Pas directement, mais nous avons eu l’opportunité de travailler dans le cadre du Concours EDF Bas Carbone pour la construction d’un quartier neutre en carbone à l’horizon 2050. Lors de cette étude nous avons approfondi des questions contingentes à celles que suggère la ville productive: les indices de circularité (matière organique, matière technologiques, énergie, et eau) , les processus de production , transformation et recyclage de la matière dans la ville, les nouvelles façons d’aborder la logistique, le loisir, le paysage…. De la même façon, les deux sites, par leurs positionnements posent la question de l’avenir des ilots monofonctionnels devenus obsolètes mais aussi des formes urbaines adaptées aux centralités de demain.
5. Les projets urbano-architecturaux de type Europan ne peuvent se réaliser que dans une relation aux acteurs à travers un processus négocié et dans le temps. De quelle manière avez-vous intégré cette question dans votre projet ?

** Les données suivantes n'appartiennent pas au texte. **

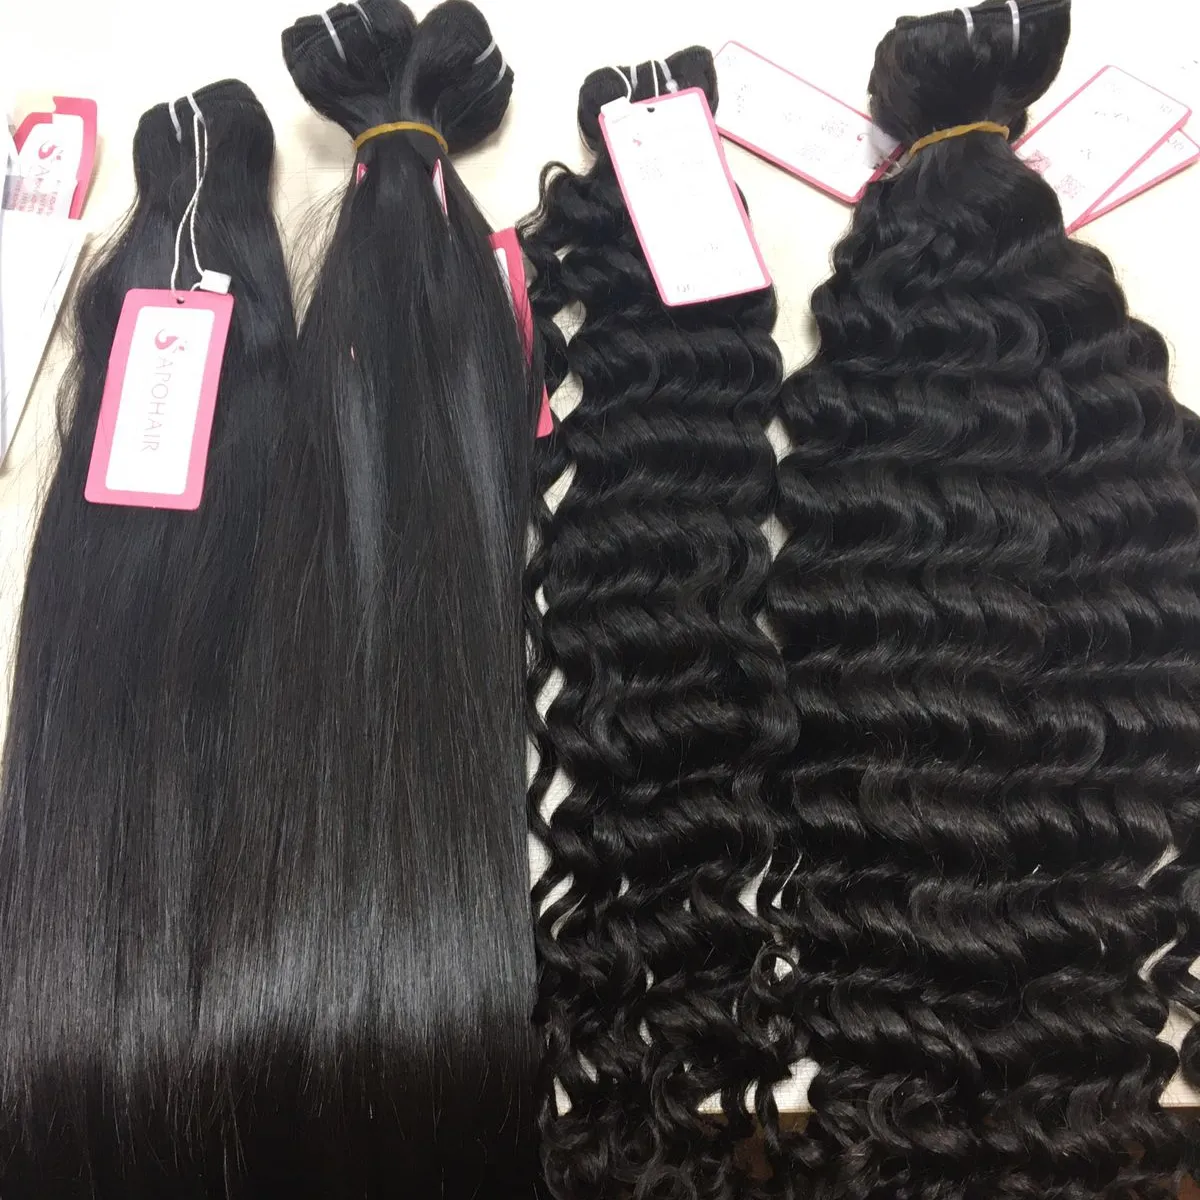 Wholesale Straight/Wavy/Curly Virgin Human Hair Bundles Extensions 100% Machine Sewing Double Wefted Extension

Le projet Kintsugi propose une stratégie et une intervention globale. Elle permet de définir une « attitude » et une série d’invariants. Cette façon de faire permet de laisser une grande place à la négociation dans le temps et à l’évolution d’un tissu par nature complexe. Loin d’être un ensemble de solutions fermées, le projet Kintsugi agit en parallèle sur la constitution d’un réseau d’espaces publics, la mise en place de logiques d’agrégation et d’échanges entre les programmes ou encore l’ouverture de certains sites à la société civile. A l’opposé d’une posture fonctionnalistes, le projet Kintsugi propose de rapprocher certaines fonctions clefs : distribution, formation, stockage, logistique, transformation… dans une logique vertueuse : diminution des émissions carbone, augmentation de la circularité des ressources, mutualisation des besoins, interactions sociales… Ces objectifs nécessitent un engagement de chaque acteur afin de reconnaitre la valeur des savoirs-faire actuels mais aussi les possibilités permises par les nouvelles filières écologiques, numériques…, leurs potentiels d’innovation et de créativité. L’ensemble des acteurs existants : Renault, Peugeot mais aussi la Ville ou la SNCF sont associés à ce dispositif.

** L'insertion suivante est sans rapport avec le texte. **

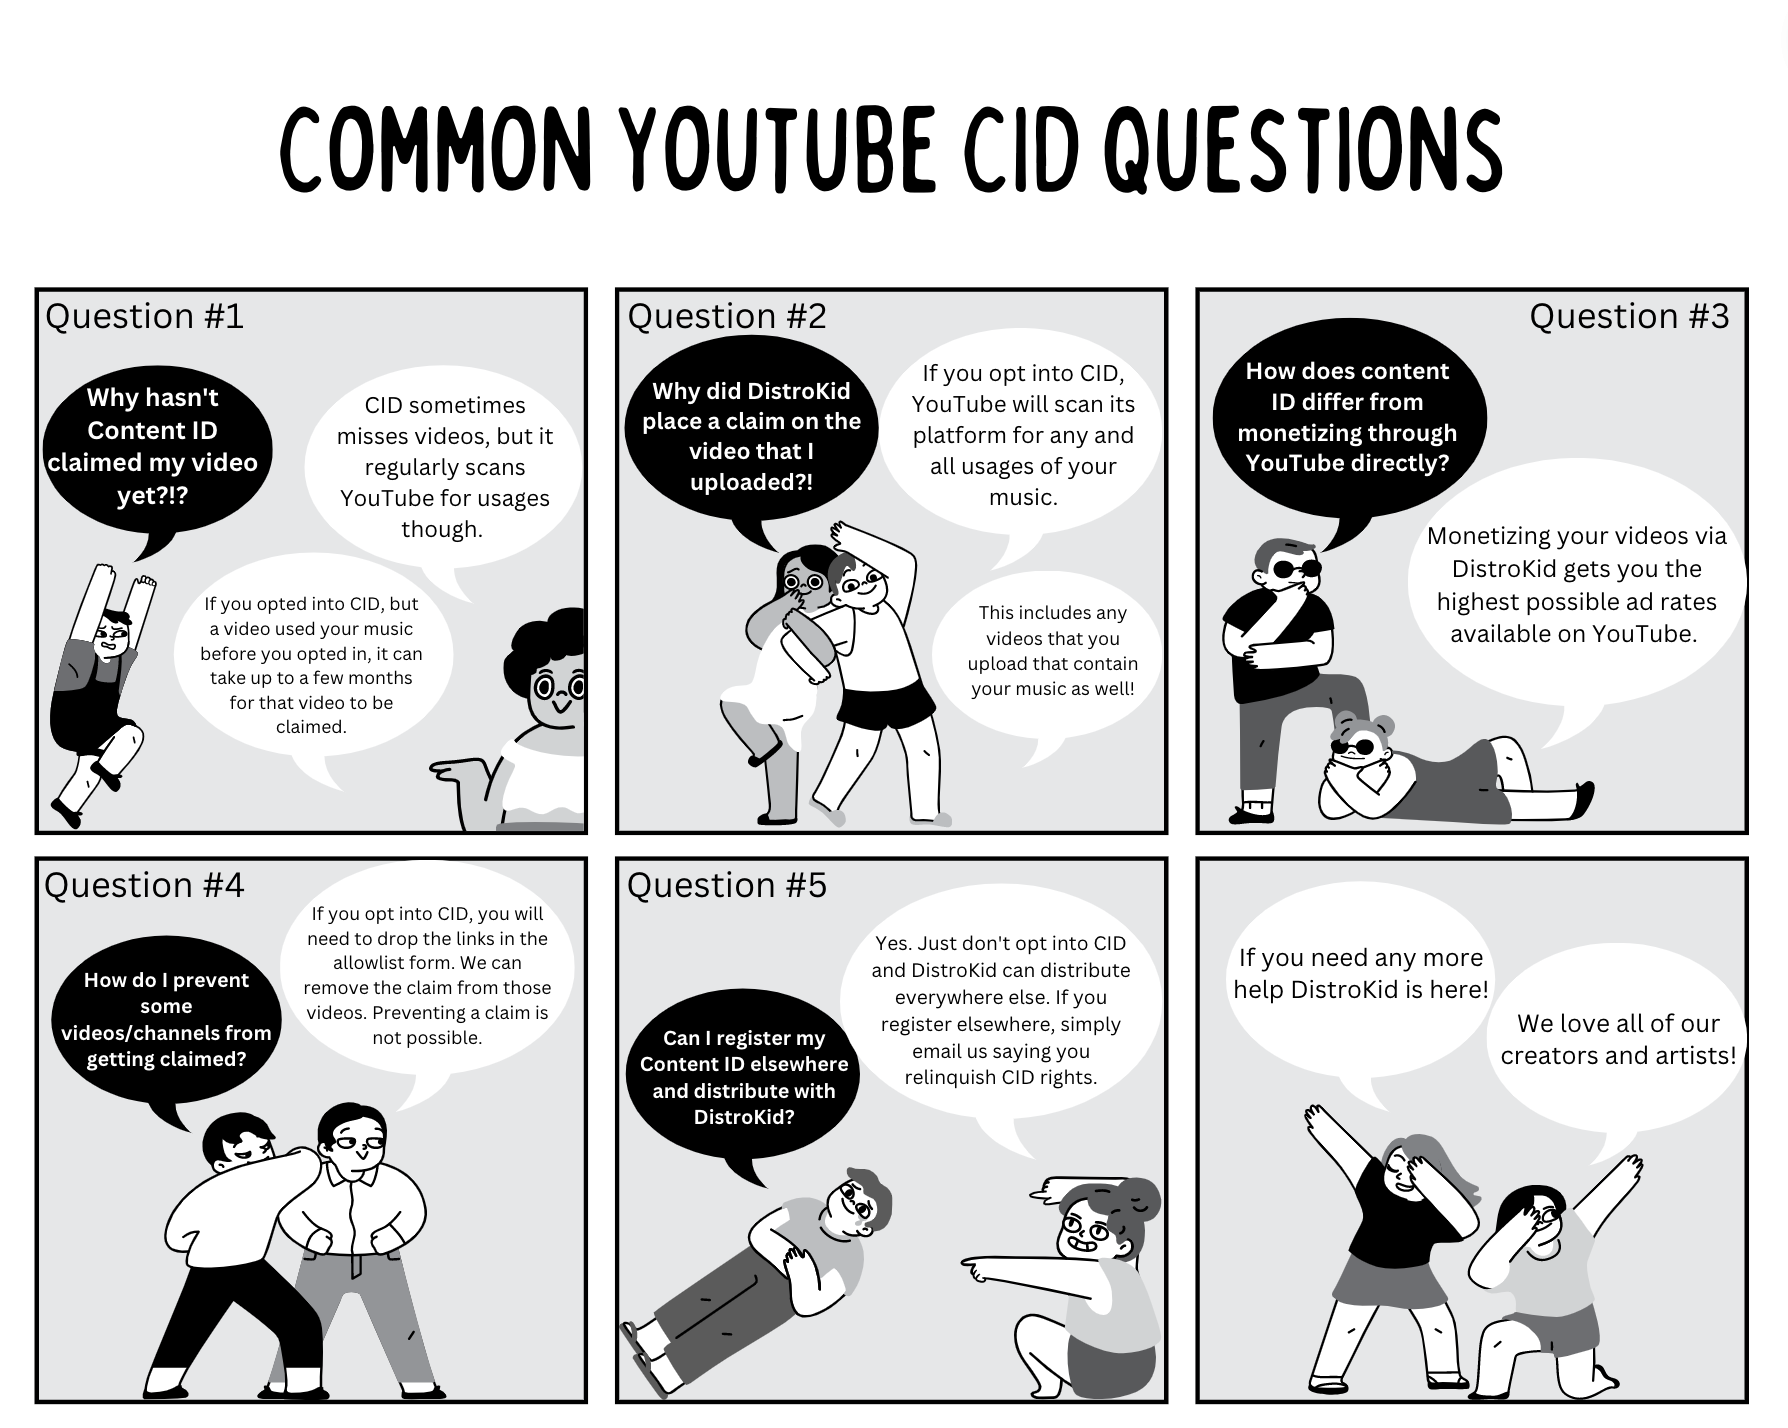 Question and answer segments in comic form regarding YouTube CID.

6. Est-ce la première fois que vous êtes primé(s) à Europan? De quelle manière cela peut-il vous aider dans votre parcours professionnel ?

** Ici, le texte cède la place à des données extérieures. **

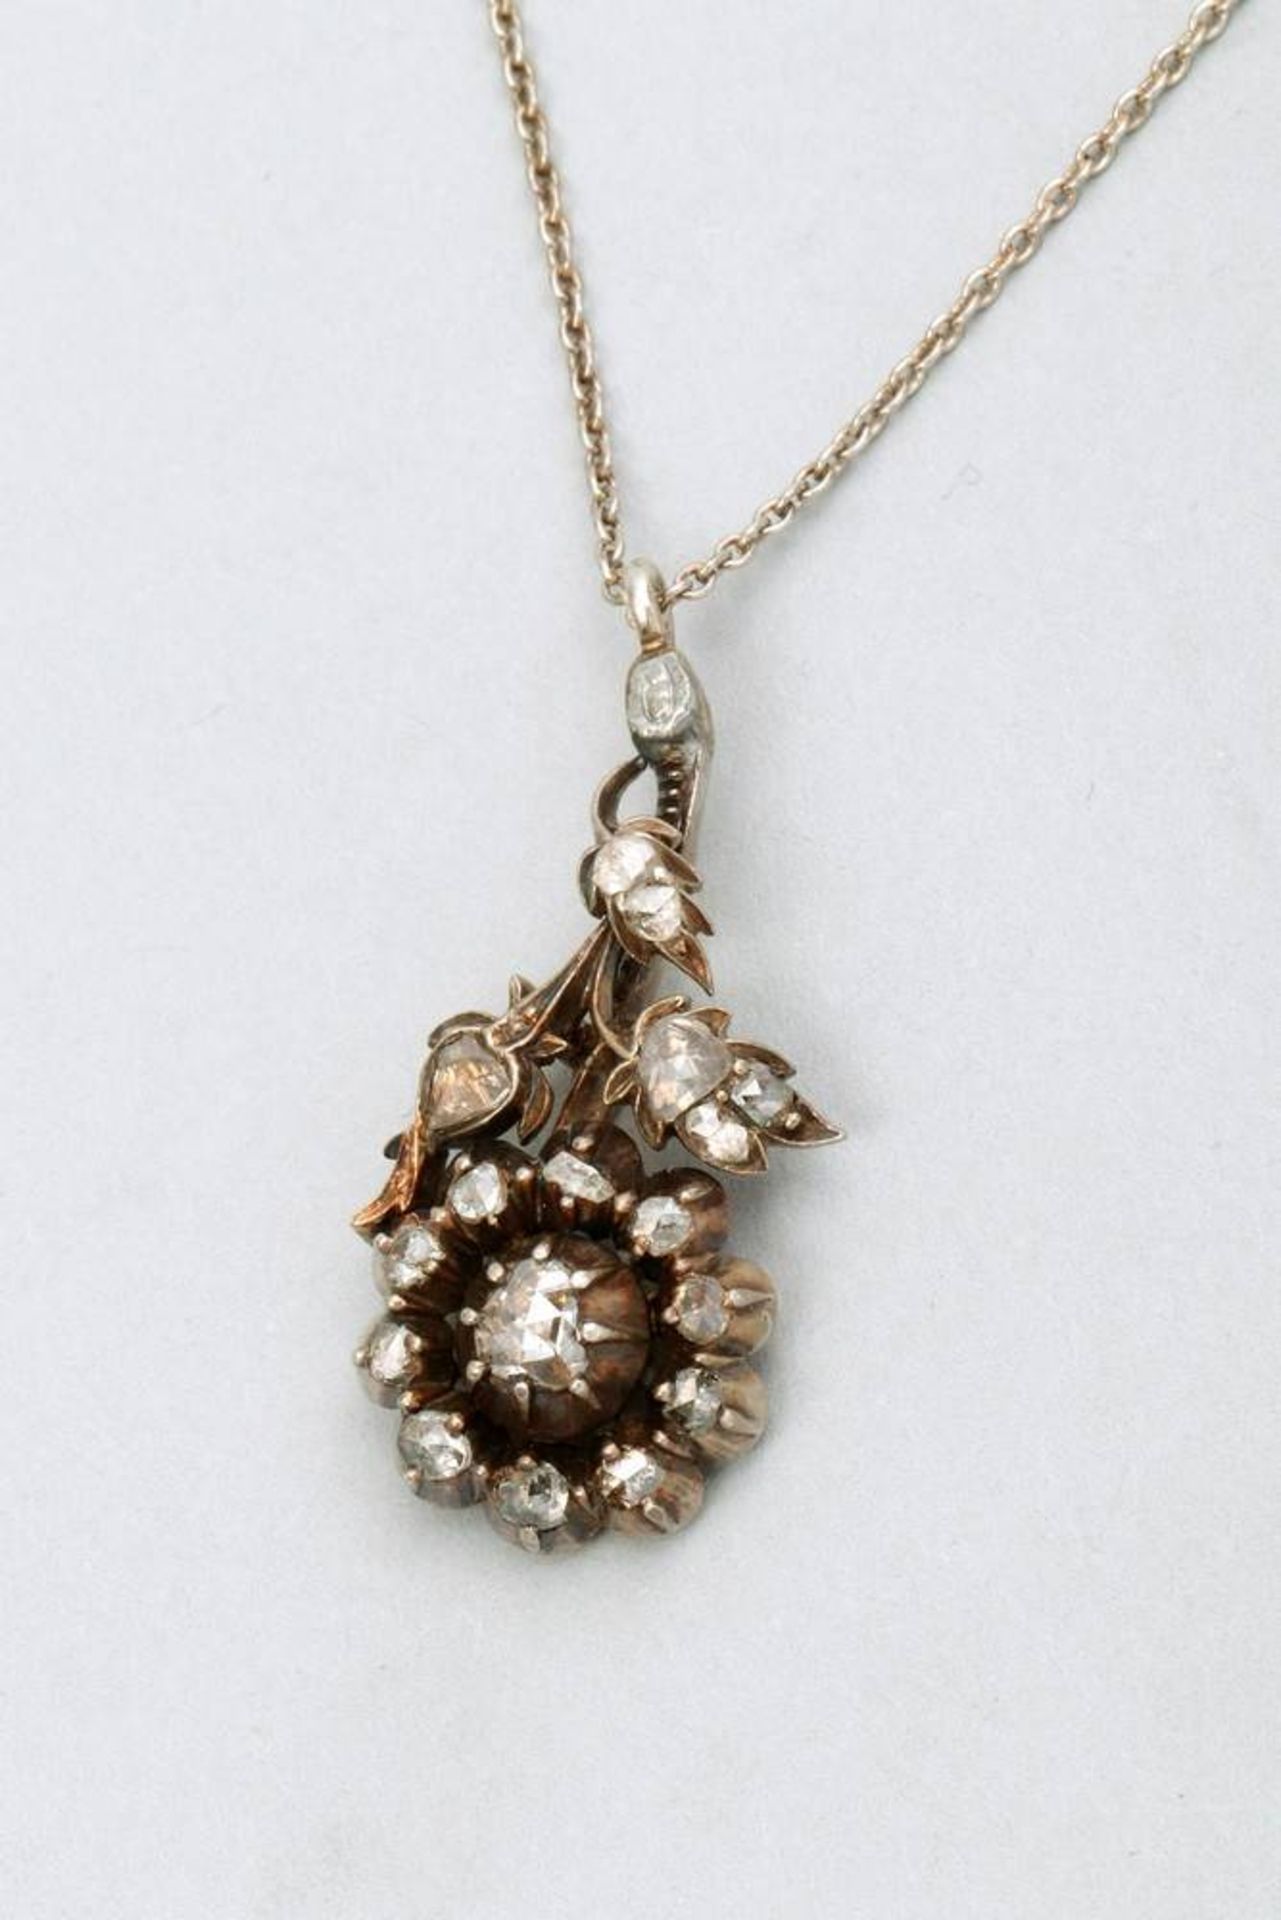 Pendant on chain333 gold, ca. 1880, set with 16 rose diamonds, old cut, tinted, si - p, 5,2g in

Parmi les membres de l’équipe, Hame a été lauréat de 2 autres Europan : à Saint-Herblain pour l’édition 12 (avec l’atelier Chuck) et à Bordeaux pour l’édition 13. Le projet à Saint-Herblain autour des quartiers Preux-Cremetterie a débouché sur une étude de programmation urbaine sur une durée de 4 ans. Elle a clairement permis à l’agence Hame de se constituer mais aussi d’enrichir ses réflexions urbaines : inscription métropolitaine, métamorphose d’une cité jardin, reconquête des espaces publics, etc.